■ Task objective ■
Leaving the images aside, transcribe all the data below exactly.

■ Information provided ■
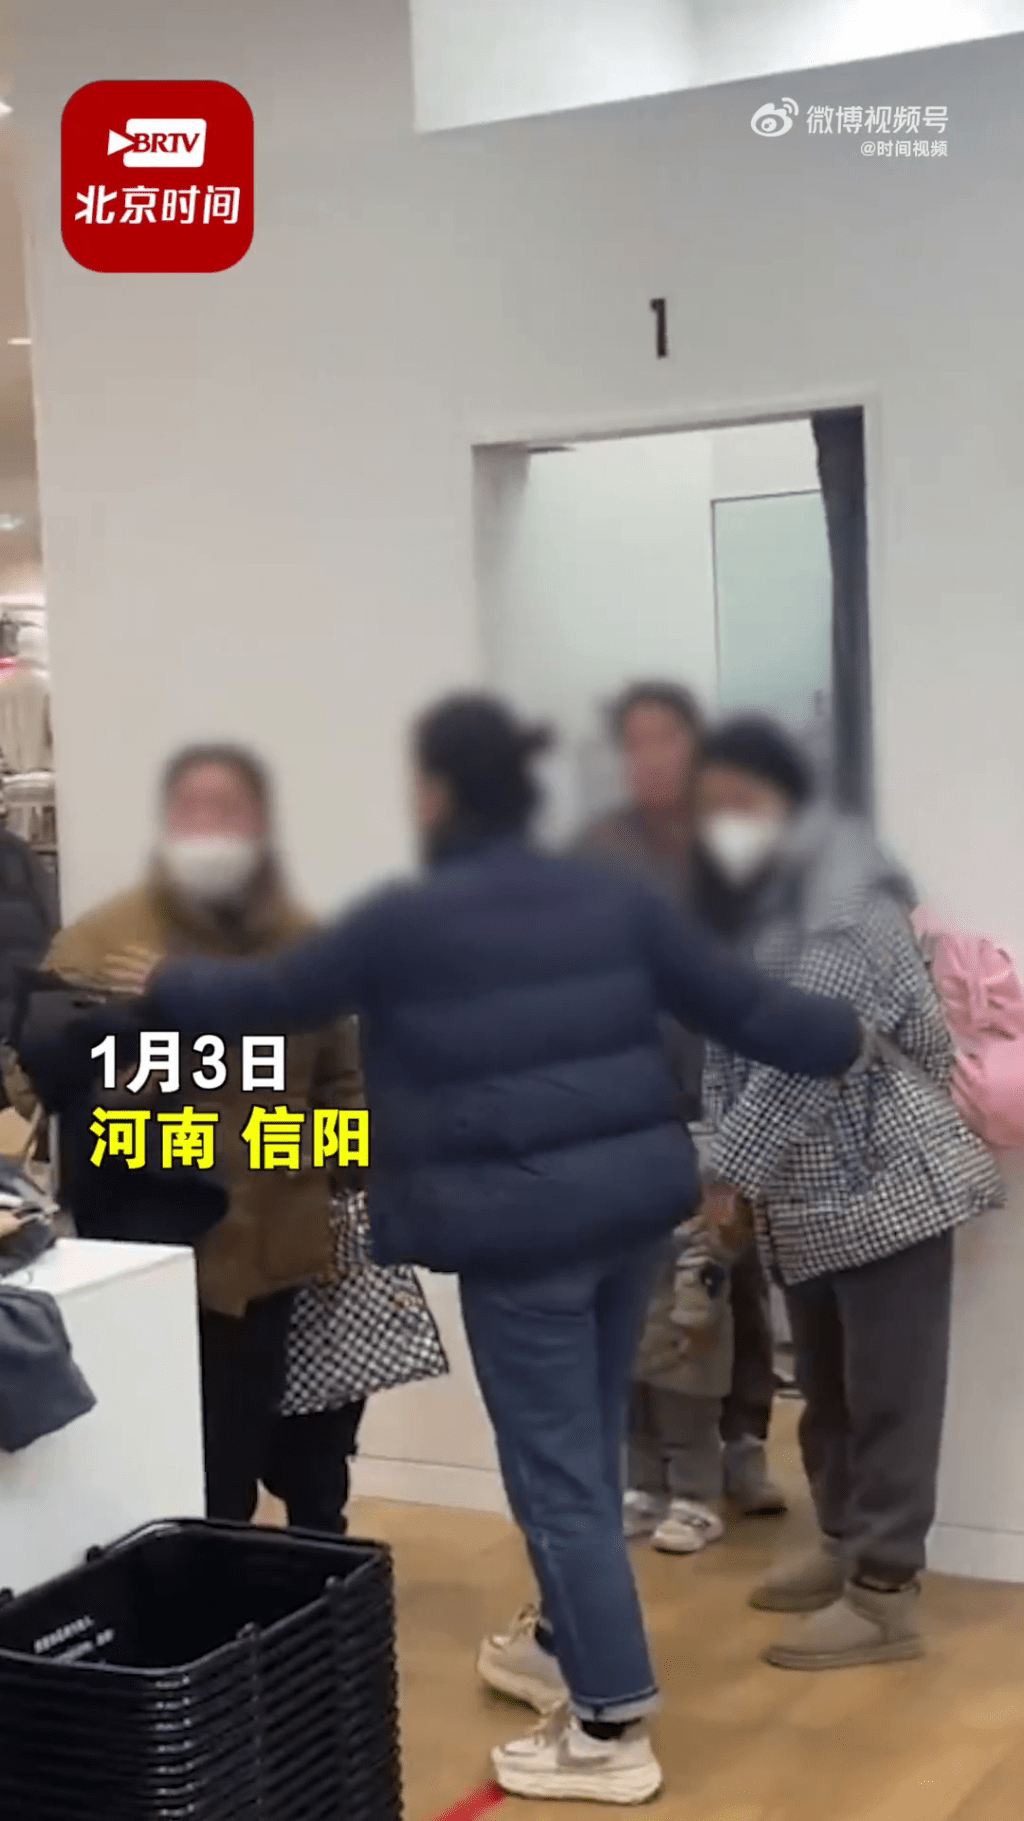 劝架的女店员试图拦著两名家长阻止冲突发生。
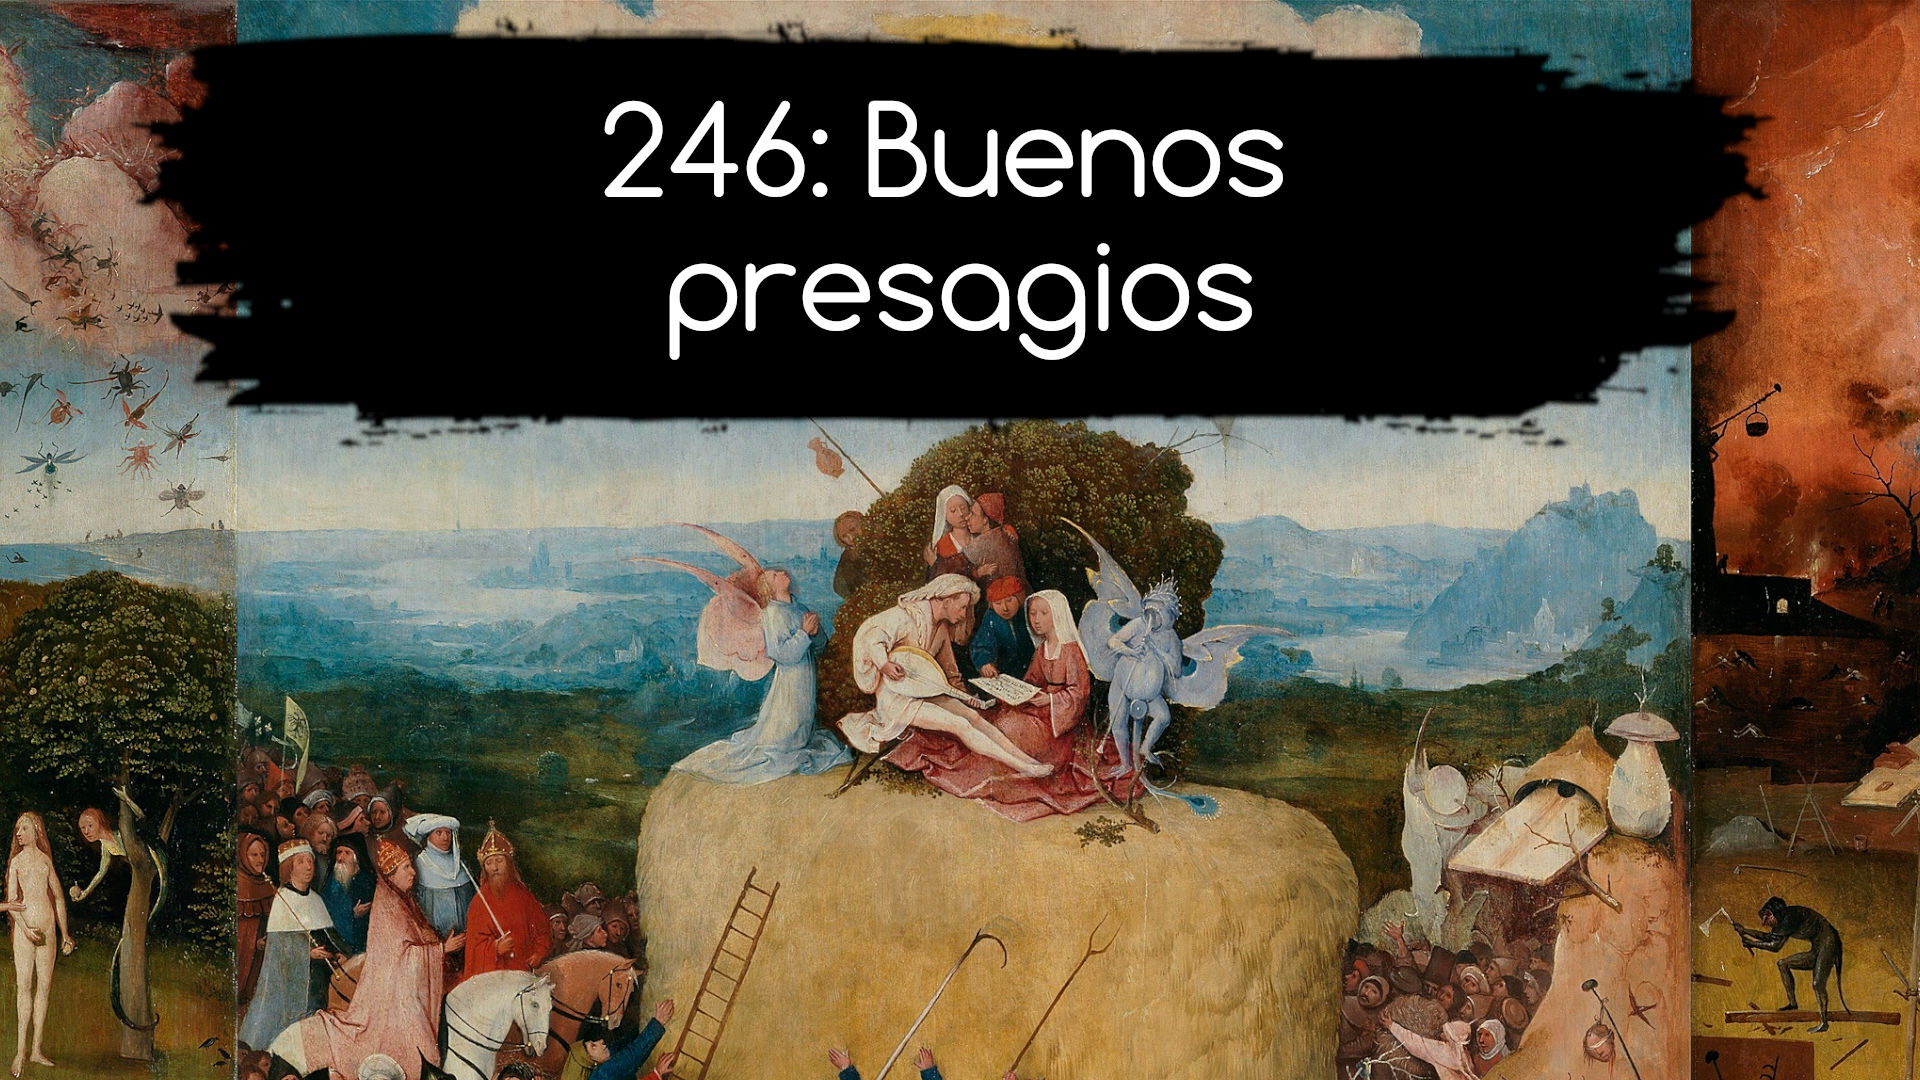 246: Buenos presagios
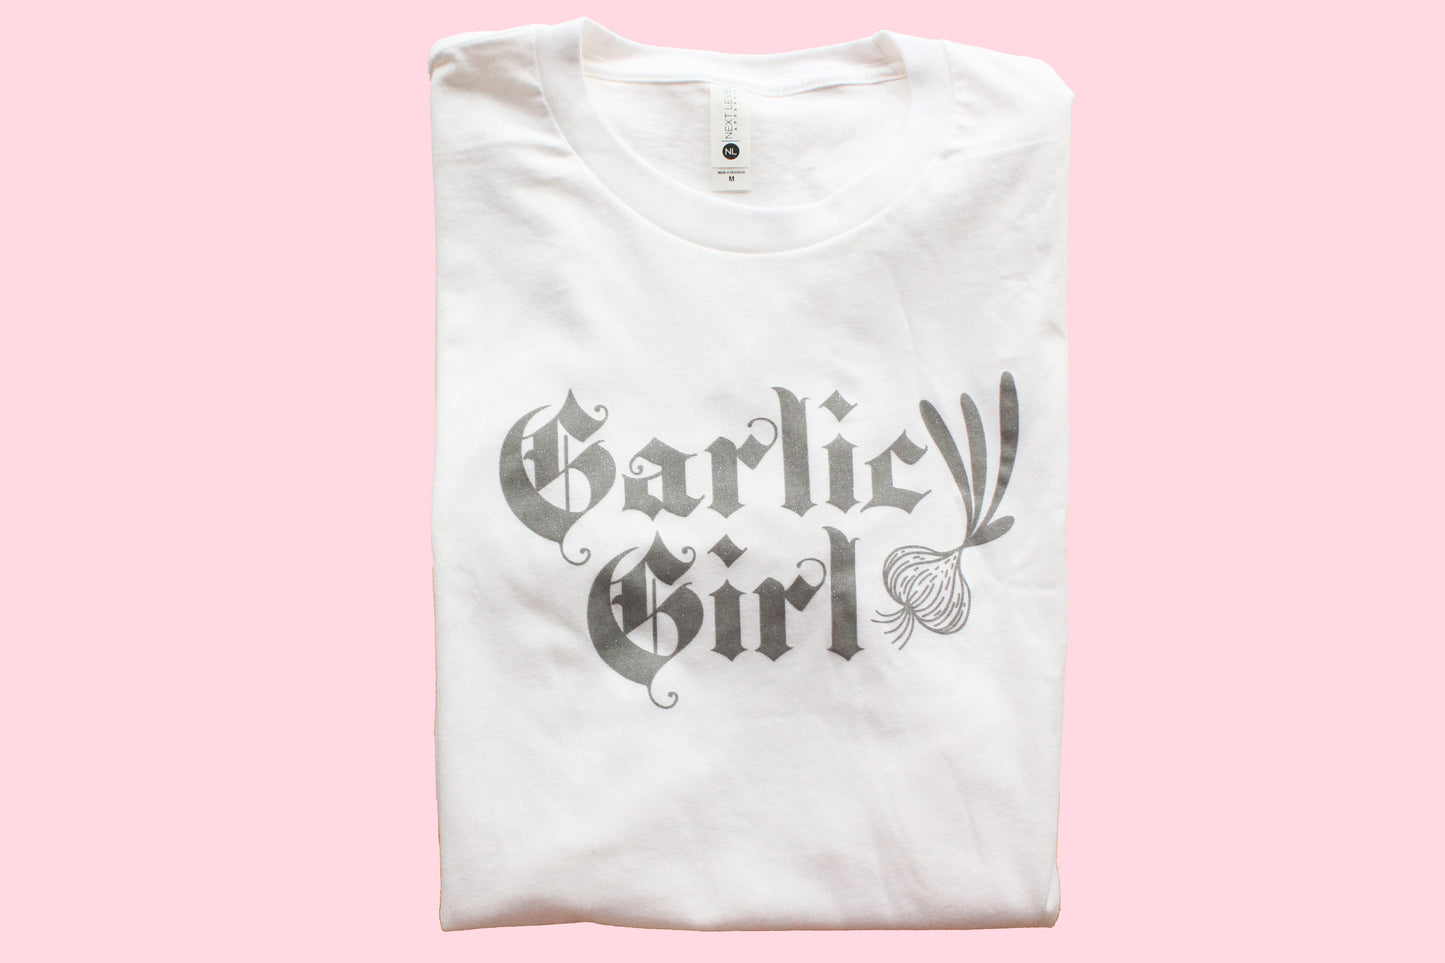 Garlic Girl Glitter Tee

■ Result of the exercise ■
 劝架的女店员试图拦著两名家长阻止冲突发生。
 246: Buenos presagios
 Garlic Girl Glitter Tee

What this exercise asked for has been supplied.